I have a file called video_2.m4v on my computer, which is being used by another program to write data there (video), so the file size is increasing each second. What i want to do is to make something like a streaming upload:
While file is being writed it uploads it to the server. I am using this bash script under windows 7:
@echo off
echo user USER_NAME> ftpcmd.dat
echo PASSWORD>> ftpcmd.dat
echo bin>> ftpcmd.dat
echo cd ROOT_PATH>> ftpcmd.dat
echo put %1>> ftpcmd.dat
ftp -n -s:ftpcmd.dat ftp.example.com
del ftpcmd.dat
This works fine but it captures current file state (size) and just uploads it. Please don’t tell me i need to use RTMP server :).
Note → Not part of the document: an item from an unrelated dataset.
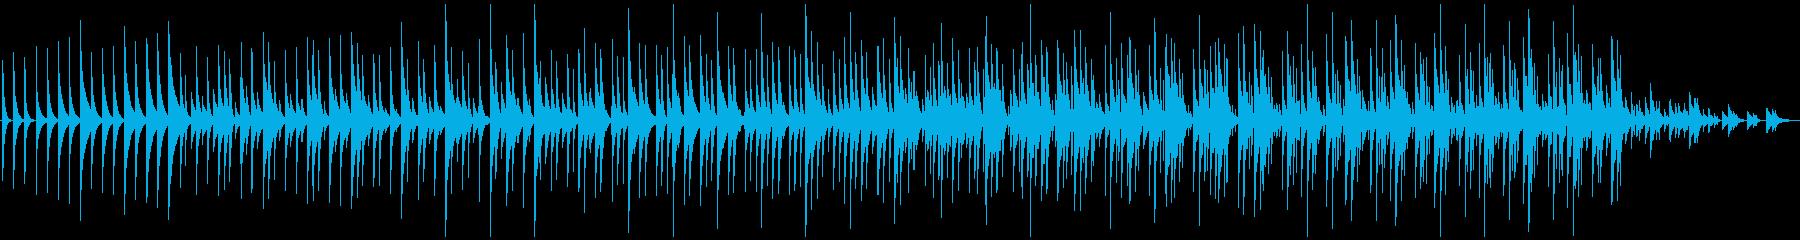 木琴5音階チャイム純正音程版、ミニマルの再生済みの波形

VLC actually does what i want but i can’t switch to binary mode.
I am using following code:
set VLC_EXE=C:\Program Files (x86)\VideoLAN\VLC\vlc.exe
set SOUT_FTP_DOMAIN=ftp.example.com
set SOUT_FTP_PORT=21
set SOUT_FTP_USERNAME=user
set SOUT_FTP_PASSWORD=password
set SOUT_FTP_PATH=www/example.com
set SOUT_FILENAME=test
"%VLC_EXE%" D:\video_1.m4v :sout=#std{access=ftp,mux=mp4,dst=ftp://%SOUT_FTP_USERNAME%:%SOUT_FTP_PASSWORD%@%SOUT_FTP_DOMAIN%:%SOUT_FTP_PORT%/%SOUT_FTP_PATH%/%SOUT_FILENAME%.mp4} :sout-keep vlc://quit
As this is a programming community, I’ll answer from this point of view. Technically you can implement an FTP client which will do what you want (in other words the protocol allows this) BUT your client needs to be aware of possibility that the file changes its size on the fly. The uploading code of the client can be written in two ways: (1) get file size to X and upload X bytes, and (2) read data blocks from the file and upload them until something indicates end of file.
In your particular case I can hardly understand what can be a command to stop transmission, as the data is generated by another application.